With overwhelming mental effort, he fixed his gaze on the tablet's virtual keyboard. His eyes moved from letter to letter, struggling against the sensor while tears blurred his vision. It took an eternity.

Finally, the device's speaker emitted in its robotic voice, "Thank you."

It was his farewell.

He closed his eyes and let the tears flow freely, tracing a sad and contradictory smile across his face, as the doctor approached the panel and, with a dry sound, disconnected the ventilator that had kept him alive.

The machine's hiss ceased, and the room fell into absolute silence, broken only by the last fading heartbeats.

Beep…

Beep…

Beep...…

Everything turned to darkness.

Yet despite being surrounded by darkness, he gradually began to perceive new sensations, vague, confusing, and difficult to define. He felt hunger, thirst, and pain, as if experiencing things like eating, suffering, and crying. Even that constant desire to die mixed with an absurd need to cling to life a little longer.

Everything felt unreal, like a nightmare he couldn't wake from. The void that had enveloped him for so long began to slowly fade until it disappeared completely, replaced by a wave of pain that coursed through his body with overwhelming intensity.

The first thing he perceived was the smell, a dense, nauseating mix of vomit, sour sweat, and an artificially sweet floral perfume that, for some reason, disturbed him. He also began to hear words in a language he couldn't understand.

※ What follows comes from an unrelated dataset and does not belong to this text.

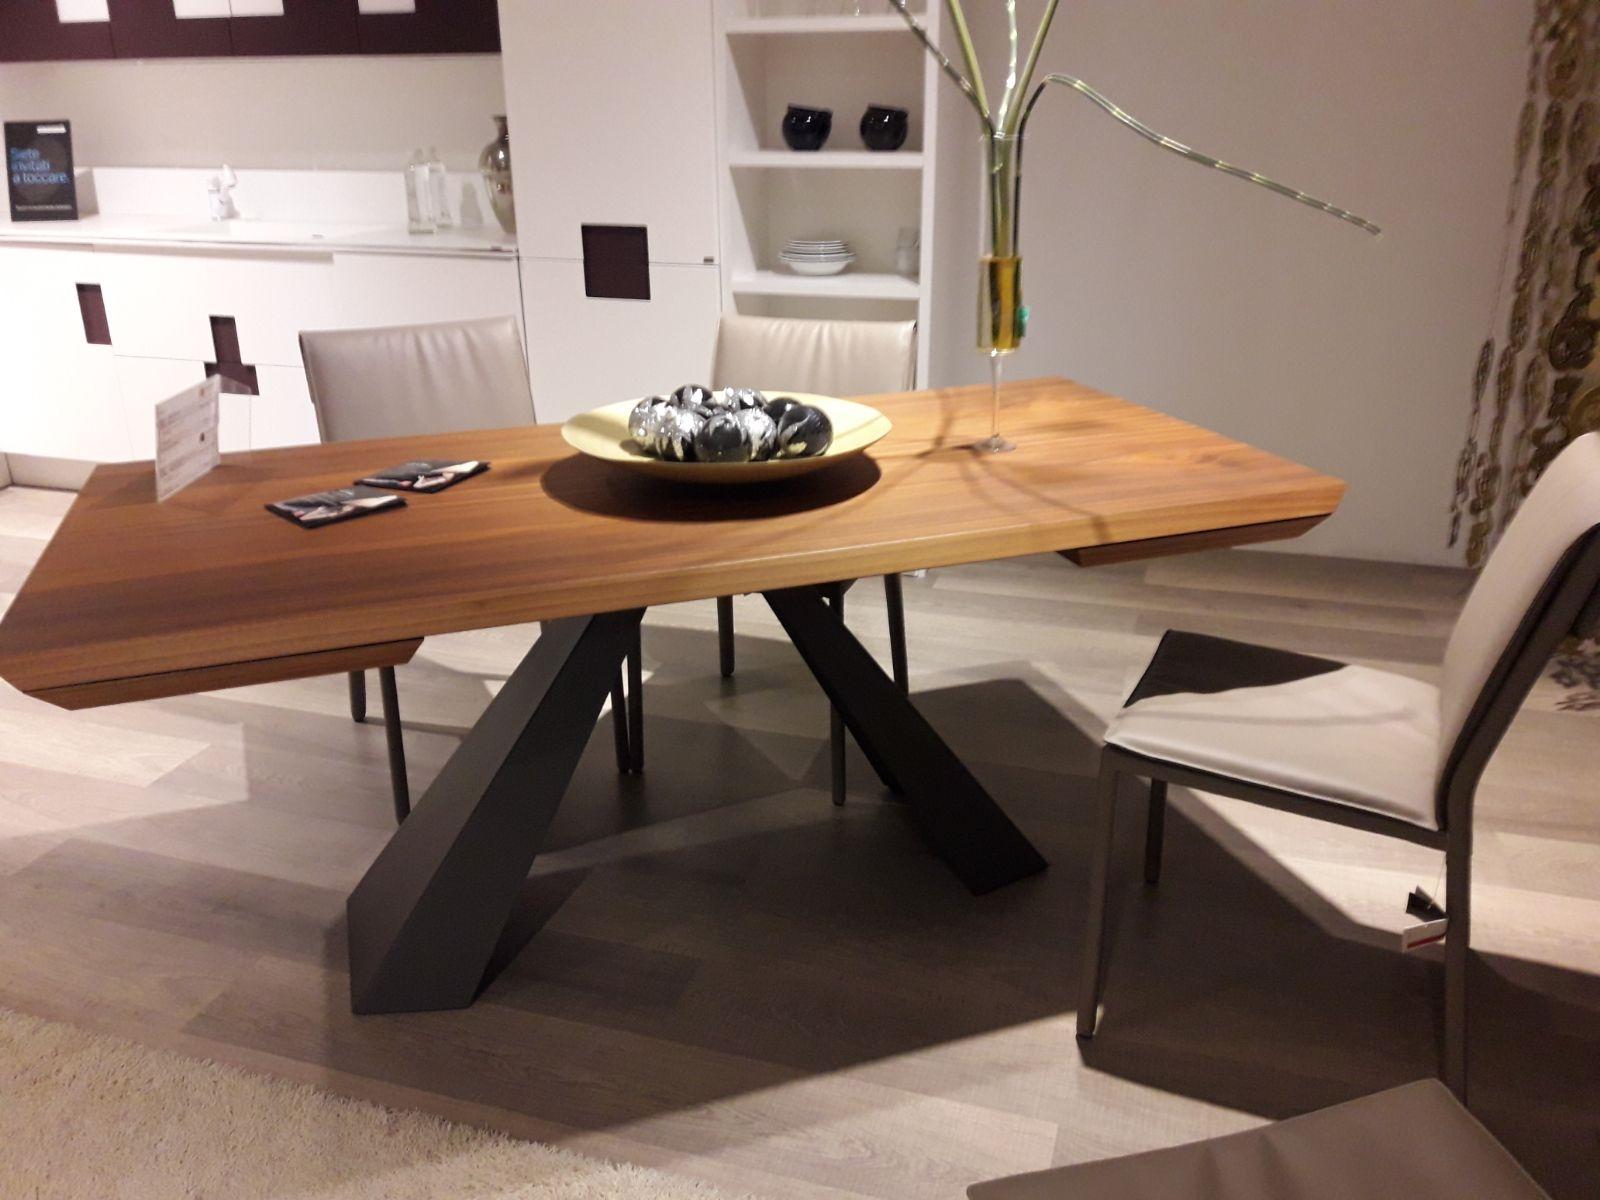 Awesome tavolo soggiorno allungabile photos design for Tavoli soggiorno cristallo allungabili

He tried to open his eyes, expecting to find the familiar ceiling, the heart monitor, and his mother's tired face, but it wasn't so.

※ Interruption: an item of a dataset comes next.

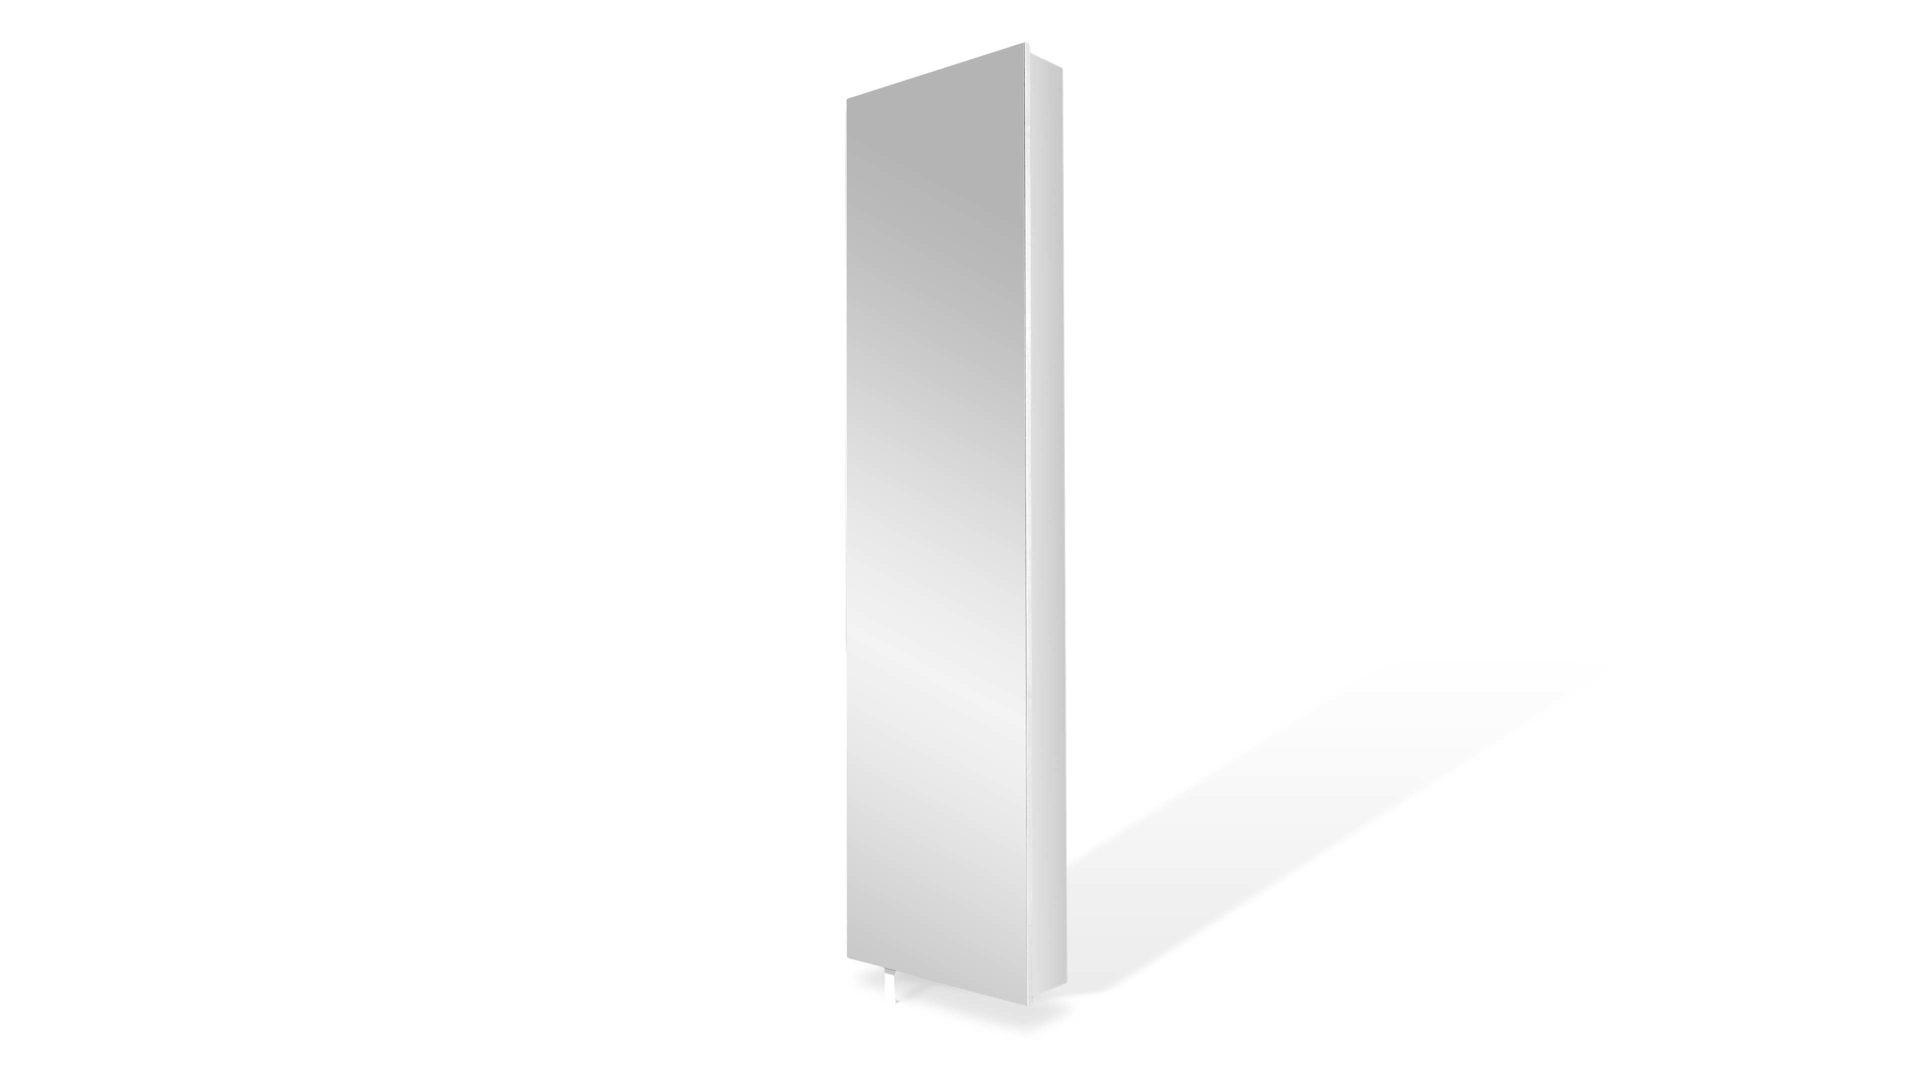 Mehrzweckschrank Bzw Drehschrank Als Stauraumlösung Weiße Kunststoffoberflächen Fünf Fächer Ein Ablageboden Eine Spi

What appeared before him was a floor of damp wood and straw. Before he could process it, a rough voice shook him.

"Move, wretch. We won't have enough to buy Soma wine if you don't get your filthy ass moving and earn money."

A sharp pain pierced his side, and he realized someone had kicked him. He instinctively curled up, protecting his abdomen, and in that movement, something happened that left him momentarily frozen.

He could feel his hands. They were small, covered in dirt, but they responded when he tried to move them. Just being able to do that was enough to make him cry with happiness, even though he felt injured, hungry, and utterly exhausted.

His amazement barely had time to settle before a second blow struck his shoulder.

"Are you deaf, Luan? Get up!"

He lifted his gaze with difficulty, and instead of the parents who had accompanied him throughout his life, he found a boy and a girl who appeared to be children. Their features were fine, almost youthful, yet worn down, their faces devoid of vitality, as if life had long been drained from them.

They wore hardened leather armor, cracked and covered in dirt. Their sunken eyes, framed by deep dark circles, had that dull, glassy sheen of those enslaved by addiction.

The names came to his mind effortlessly, like foreign pieces forcing themselves into place within his consciousness, Kael and Mara.

They were his parents, but in their bodies, there was no trace of warmth or youth, only the desperation of those who had gone too long without their next dose.

Only then did he notice that beside him, a small bundle began to cry, emitting a weak, broken sound closer to a whimper than a real cry.

It was Liliruca Arde, his little sister.